Written by Sue Ziebland   


Sue Ziebland and Angie Rogers review outcome measures used in drug treatments.


The irony of the HIV/AIDS epidemic serving as fairy godmother to drugs services has been widely documented. Treatments for drug users have adopted a focus which, while still promoting abstinence as the clear goal, also include harm minimisation as a valid target (ACMD, 1988; Glanz, 1988). This is evident at both the macro level, with central government funding for needle exchanges, and the micro level, through an emphasis on individual modifications of risk behaviour. Meanwhile, in Britain and elsewhere, changes in health service organisation have reinforced the necessity of demonstrating the outcome of clinical interventions.
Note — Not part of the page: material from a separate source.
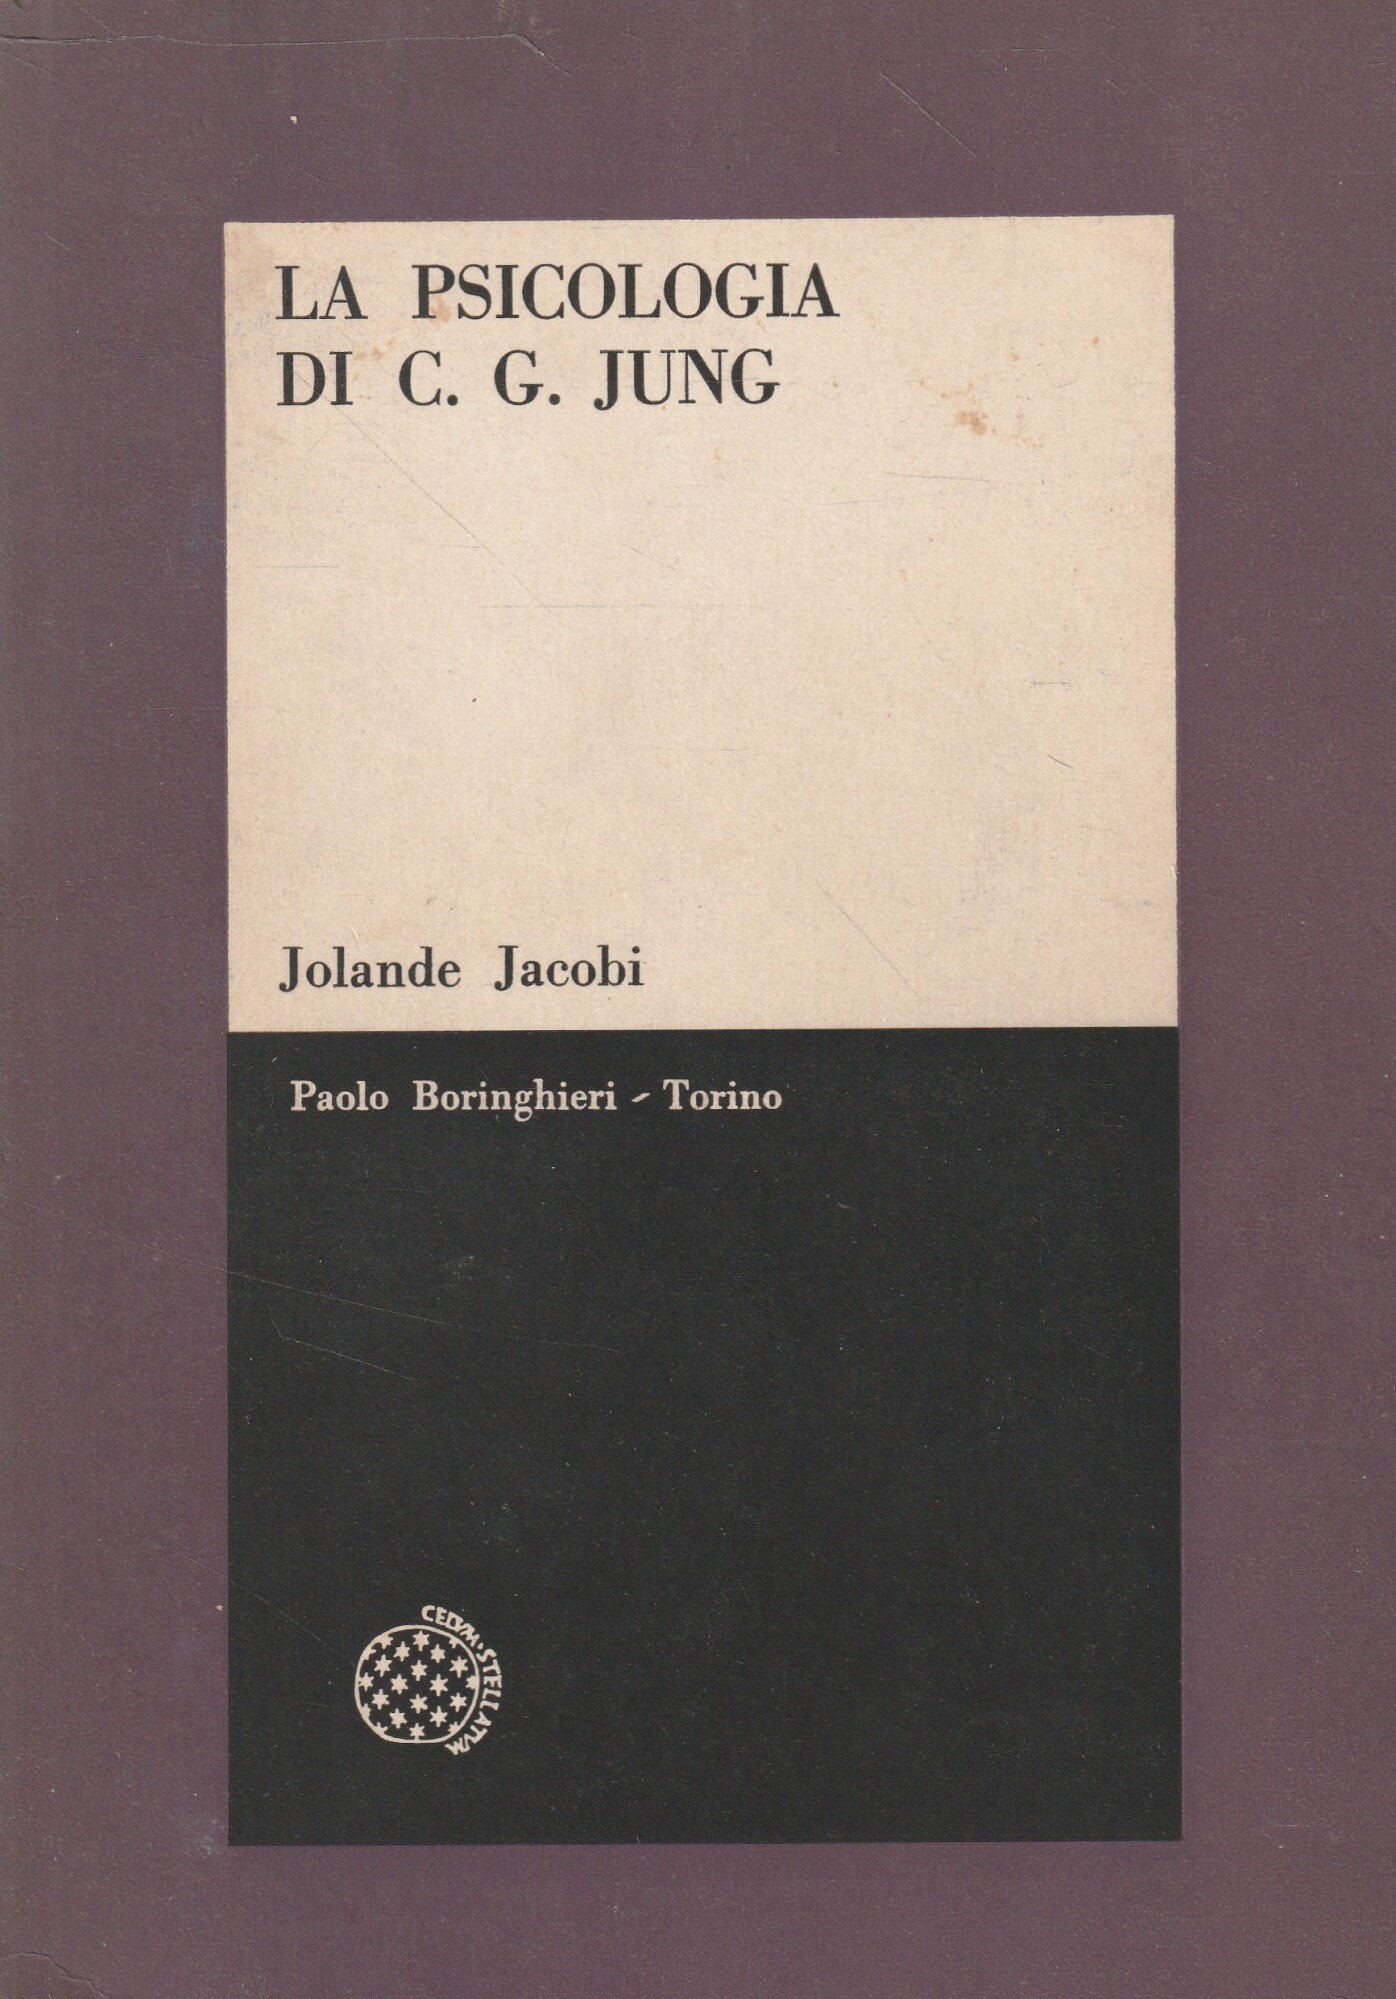 La psicologia di C.G. Jung - Jolande Jacobi

Outcomes are measurable changes attributable to a treatment. An outcome measure is an indicator of this change and may take a number of forms, depending on the precise nature of the intervention. It is vital that outcome measures are chosen with care. To be of practical use they should be quick and easy to complete, sensitive to relevant changes and provide scores that are simple for the clinician to interpret. If they do not satisfy these requirements, they are highly unlikely to be employed with sufficient care and regularity to be of use. A valid and reliable outcome measure has the potential to provide data for a number of related purposes, all of which may enhance the development of effective treatments. These would include:

  • Trials for establishing the effectiveness of a treatment.
  • Assessment of the suitability of treatments for subgroups of patients or clients.
  • Individual patient or client monitoring.
  • Aggregate level routine monitoring (e.g. for audit).
  • For analysis of attrition rates.
  • To assess the appropriateness of different combinations of treatment and services.
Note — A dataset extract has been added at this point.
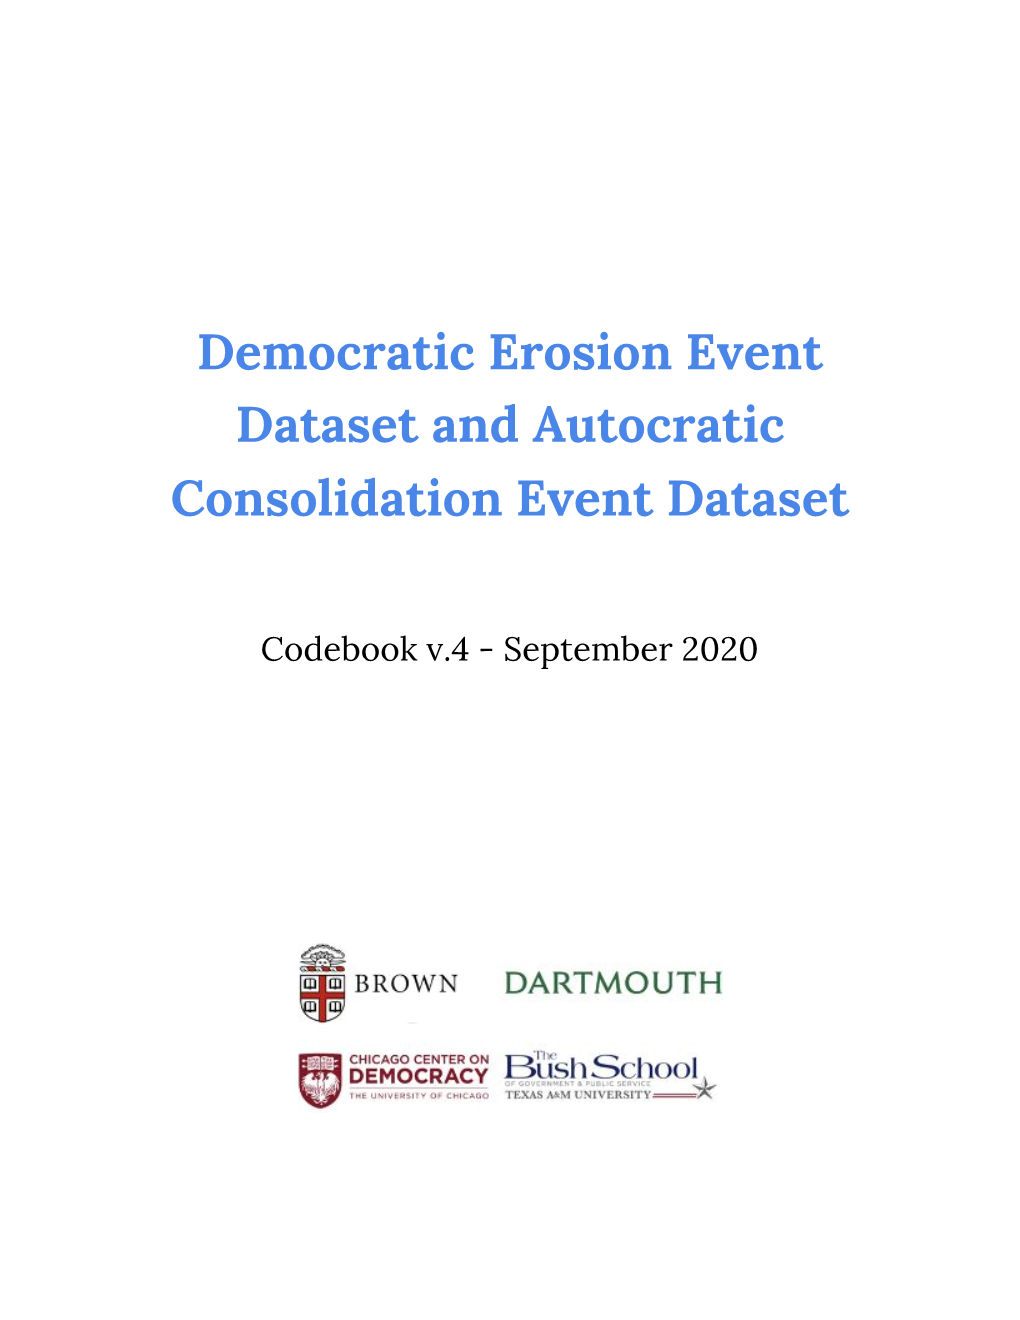 Democratic Erosion Event Dataset and Autocratic Consolidation Event Dataset

Simple tallies of abstainers have been recognised as

an inadequate reflection of drug interventions (Gillam et al., 1992), yet there is little consensus about which indicators are most appropriate to the new goals. In the report of a study carried out between 1969 and 1973, Edwards and Goldie ( 1981) suggested that:

To a large extent, assessment of outcome is a value judgement that varies from individual to individual and from one professional group to another.

Although greater concord might be expected from the late 1980s, a study reported by Charuvastra et al. (1992) presented 'cessation of drug use and criminality' as the criteria representing successful outcome. Berglund et al. (1991) emphasise the fundamental nature of the changes which take place within the abuser's lifestyle as they leave drug abuse, with the consequent necessity of assessing 'the ex-client's total psychosocial situation'. In the same year White et al. (1991) wrote that, in the search for relevant outcome measures '. . . it is important to consider the utilisation of variables other than simply the alcohol or drug involvement of the client . . . suggested variables include: client and therapist ratings, family perceptions, client background variables, and clinical evaluation'.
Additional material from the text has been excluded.